Chapter 3: Problem 19
Explain how the lexicographic ordering of strings in Python differs from the ordering of words in a dictionary or telephone book. Hint: Consider strings such as 184 , wiley, con, Century 21 , and while-U-Wait.
Short Answer
Expert verified
Python orders strings by Unicode, while dictionaries ignore case and consider letters first.
Step by step solution
01
Understand Lexicographic Ordering in Python
In Python, strings are ordered lexicographically, which means they are compared based on the Unicode point number of each character. This is akin to the way words are arranged in an English dictionary but not identical. Unicode assigns a numerical value to each character, including numbers, uppercase letters, lowercase letters, and special characters. This ordering can appear unintuitive at times because of the different numerical values assigned to each group of characters.
02
Compare Characters Based on Unicode
In Python's lexicographic ordering, numbers come before uppercase letters, which come before lowercase letters. Special characters may appear before or after these groups based on their Unicode values. For example, `184` is less than `Century 21` because numbers have lower Unicode values than uppercase letters. Similarly, `wiley` comes after `while-U-Wait` because the uppercase 'W' in `while-U-Wait` takes precedence over the lowercase 'w' in `wiley` according to Unicode.
03
Understand Dictionary Ordering
Dictionary or telephone book ordering for words typically starts by ignoring case and treating special characters (like hyphens or spaces) as equivalent to spaces or as ignored, ordering by the words themselves first, with numbers often sorted after letters. Words like `184`, `wiley`, `con`, `Century 21`, and `while-U-Wait` might be ordered by interpreting spaces or characters differently, ignoring case sensitivity. Hence, `Century 21` might appear before `con`, depending on the rules.
04
Analyze the Differences
From the example words, we can see that differences arise because lexicographic ordering considers the precise Unicode value, while dictionary ordering often considers linguistic rules or conventions. For instance, in lexicographic ordering `184` is first due to its low Unicode point, while `Century 21` may follow `con` alphabetically if dictionary rules like ignoring spaces and numbers are applied.

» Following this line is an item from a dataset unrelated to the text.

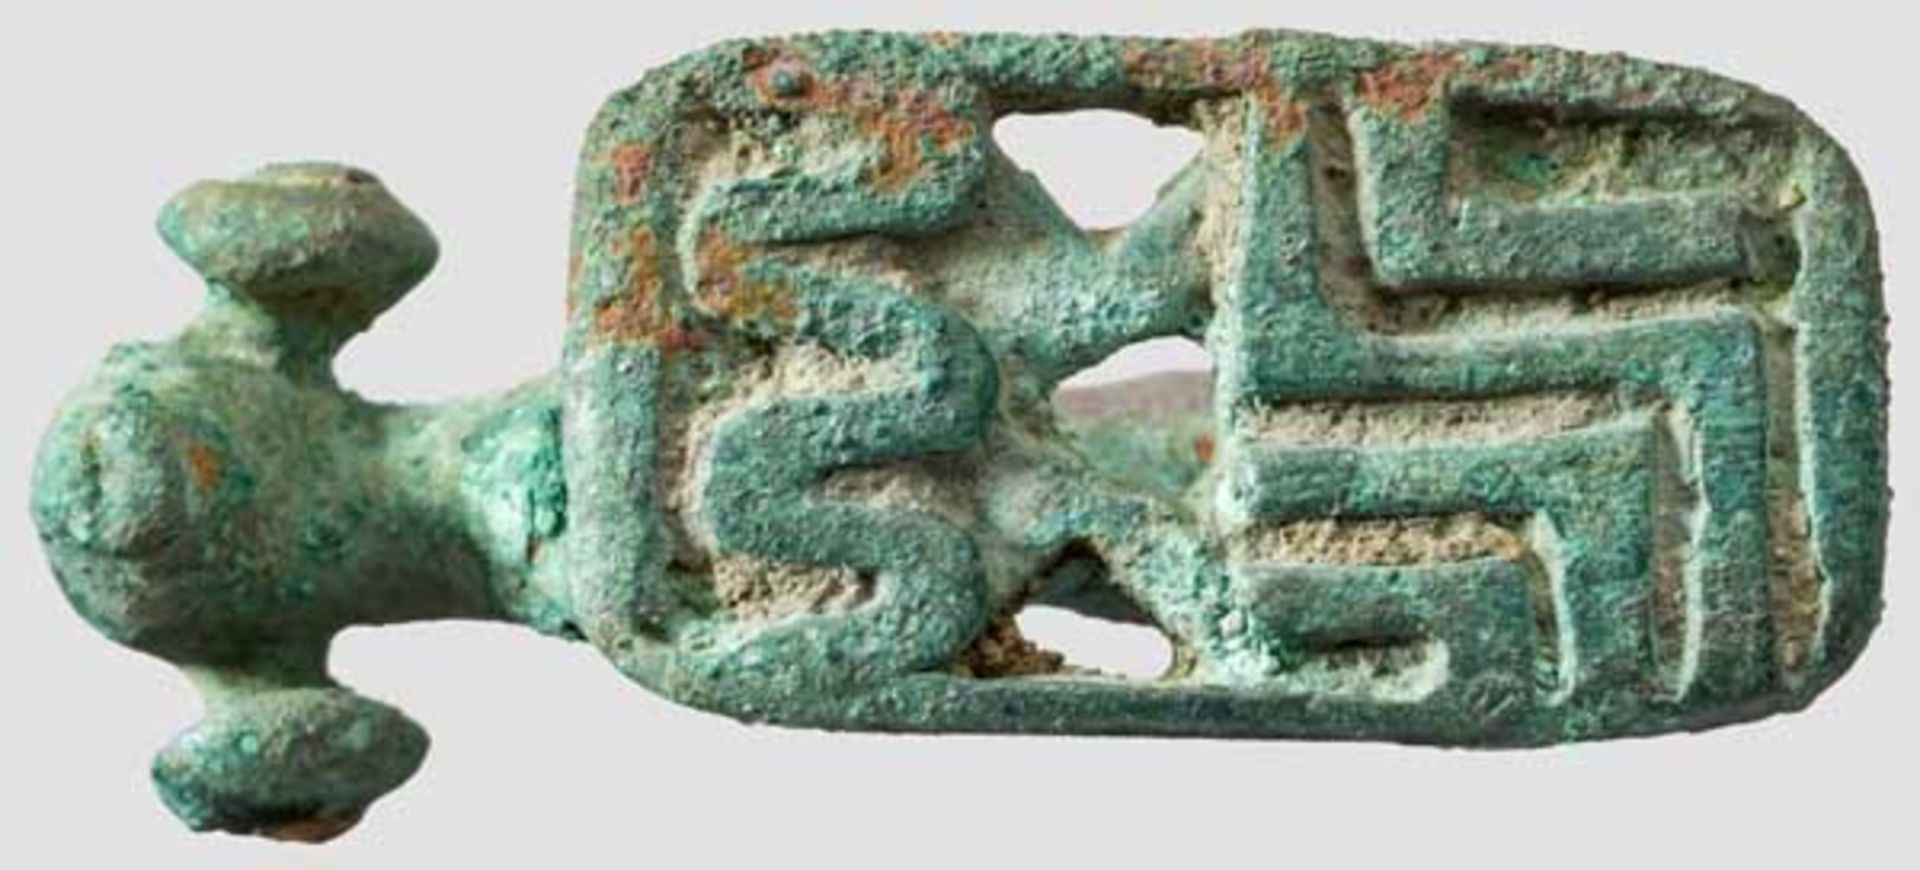 Bronzefigur eines Widders mit Stempel auf Basisunterseite, geometrischer Stil, 8. Jhdt. v. Chr. - Bild 3 aus 3

Unlock Step-by-Step Solutions & Ace Your Exams!
-
Full Textbook Solutions
Get detailed explanations and key concepts
-
Unlimited Al creation
Al flashcards, explanations, exams and more...
-
Ads-free access
To over 500 millions flashcards
-
Money-back guarantee
We refund you if you fail your exam.
Over 30 million students worldwide already upgrade their learning with Vaia!
Key Concepts
These are the key concepts you need to understand to accurately answer the question.
Unicode comparison
When Python organizes strings, it pays attention to the Unicode value of each character. Unicode is a system that assigns a unique code to every character, whether it's a letter, digit, or symbol. This coding allows for a vast range of characters from different languages and alphabets to be represented uniformly.
In Python's sorting, each string is compared character by character using these Unicode values. This can sometimes lead to unexpected results because:
In Python's sorting, each string is compared character by character using these Unicode values. This can sometimes lead to unexpected results because:
- Numerical characters like '1', '8', and '4' have lower Unicode values than letters, so they appear earlier in a sort.
- Uppercase letters such as 'C' or 'W' have lower Unicode values compared to their lowercase equivalents like 'c' or 'w'.
- Special characters, depending on their Unicode position, might appear before or after these alphanumeric characters.
Python string sorting
In Python, sorting strings is all about that lexicographic order derived from Unicode. Unlike human-intuitive sorting, which might consider some logical linguistic sense, Python's method follows strict Unicode value precedence.
- It compares each string starting from the first character onwards, stopping only when a difference is detected.
- If two strings start with the same character, Python proceeds to compare the next character and so on, until a difference is noted.
- If one string is a prefix of another, the shorter string will come first.
Dictionary ordering
Dictionary ordering, like what you’d find in a physical book or phone directory, has its unique nuances. Typically, this form of ordering considers more contextual factors than Python’s straightforward Unicode comparison.
- Most commonly, dictionary sorting is case-insensitive, meaning that 'A' and 'a' are treated the same.
- Special characters and spaces are often downplayed or considered equivalent to spaces.
- Non-alphabetic tokens such as numbers may sometimes be sorted separately either before or after the alphabetically ordered list.
Character precedence in sorting
Character precedence refers to the priority order characters follow during sorting. In Python's lexicographic system:
- Numbers have the highest precedence because of their low Unicode values.
- Uppercase letters come next, before any lowercase letters.
- Lowercase letters follow, given their higher Unicode point numbers.
- Special characters could appear anywhere depending on their specific Unicode value.